Integrated enterprises need to optimise the use of AI for better CX
To get the most out of AI and ML to better meet changing customer needs, enterprises need to start integrating their business units, operations and datasets into a more consolidated entity. This is according to Archana Arakkal, Machine Learning Engineer at Synthesis, who was speaking ahead of a webinar on the Customer Service of the Future, to be hosted by Synthesis, AWS and Salesforce next month. Every engagement between the customer and the brand is part of the overall customer experience, and customers expect a great deal more of this experience than they did 10 years ago, says Arakkal. "For example, traditional marketing and advertising has had to evolve beyond the old'spray and pray' approach, since customers now expect hyper-personalisation," she says. "Marketing is getting smarter about targeting customers based on their personal needs, their digital footprint, what platforms they use at what time of day.

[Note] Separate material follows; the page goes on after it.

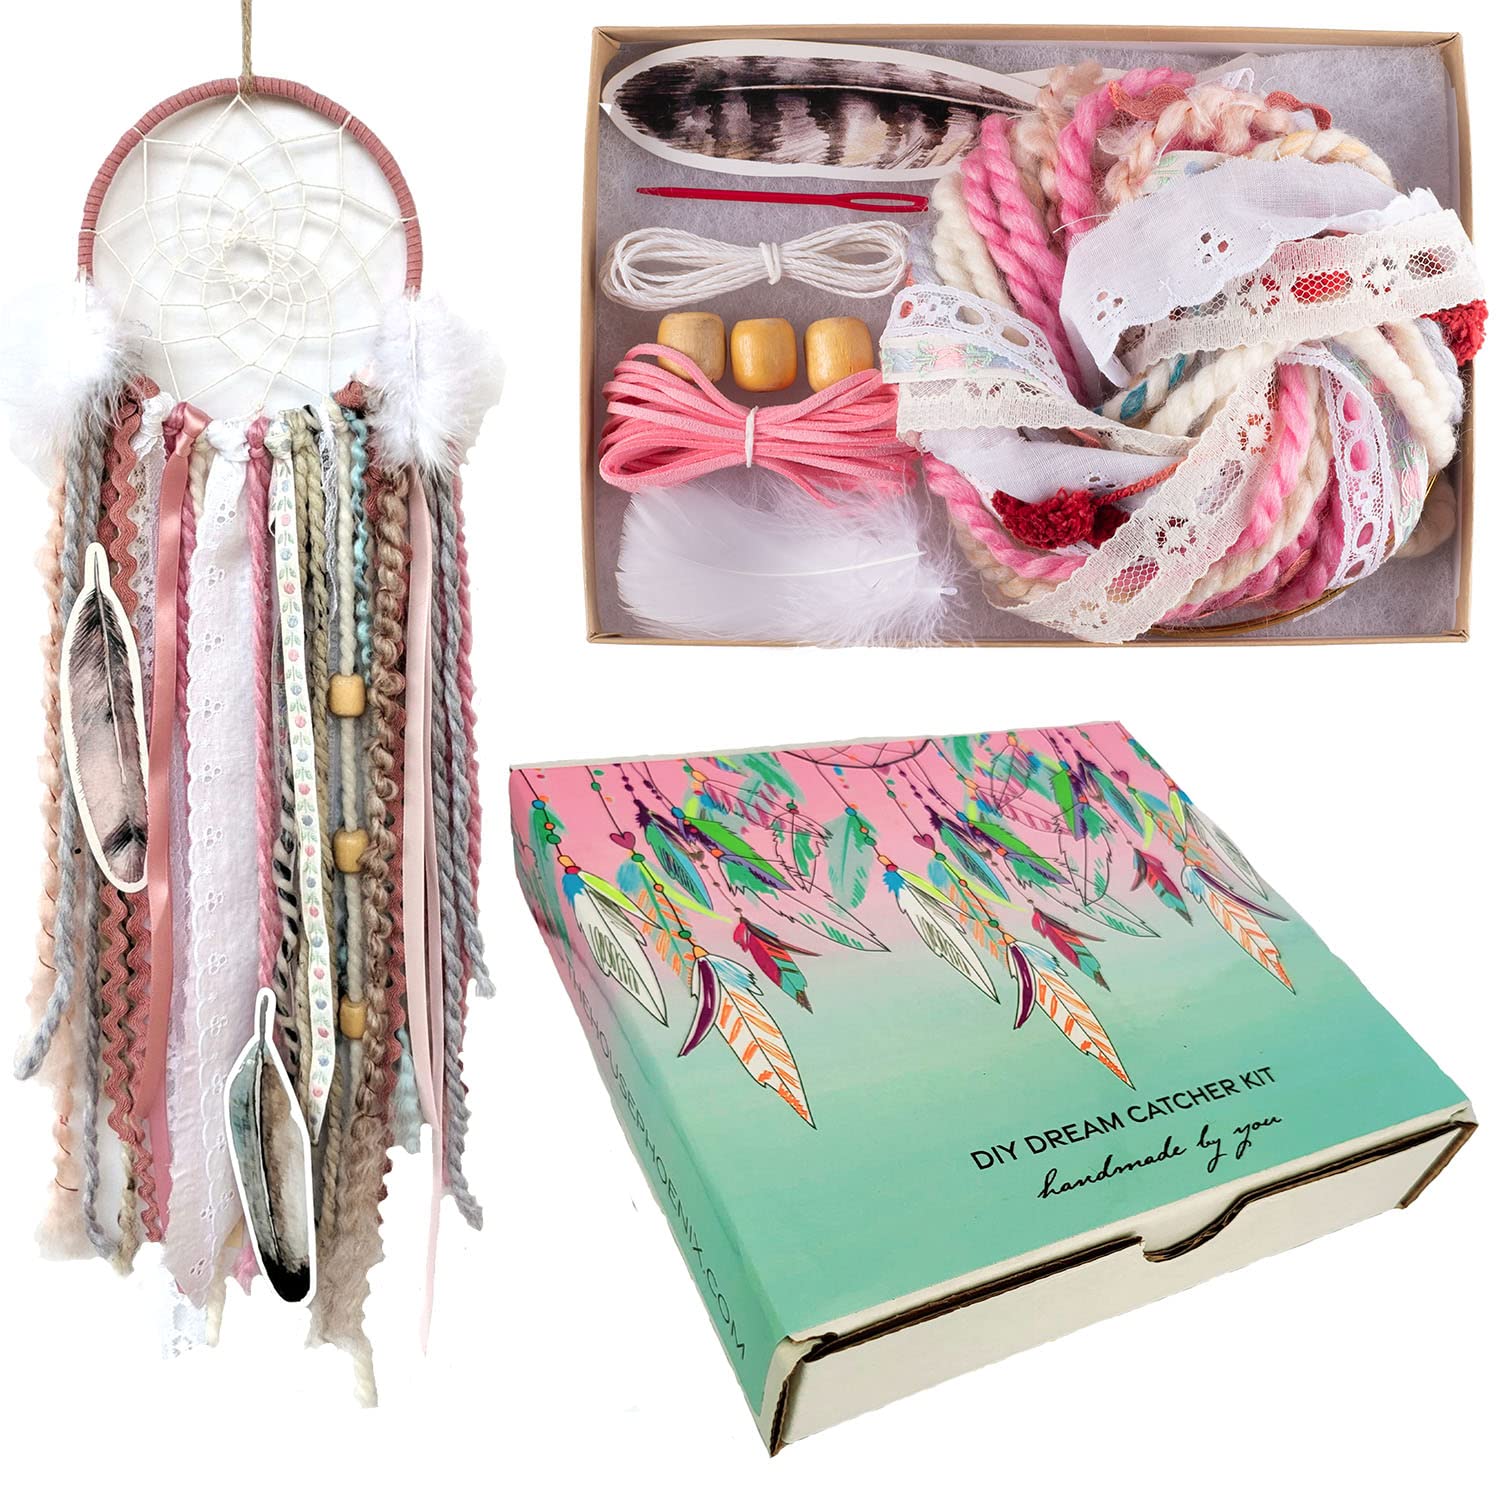 Book Cover DIY Dream Catcher Kit Stocking Stuffer for Kids Adults Bohemian Decor Pink Craft Project Make Your Own Dreamcatcher Girls Birthday Gift 5 Inch Ring

Customers aren't blind – they know brands have customer data on what they have bought before, their location and interests, so there is an inherent expectation that when they are targeted with a product, it will be a product that makes sense to them." While marketing and advertising are becoming better at personalising offers, there often remains a gap in their understanding of the customer – in the silos of data within the various brand business units, Arakkal says.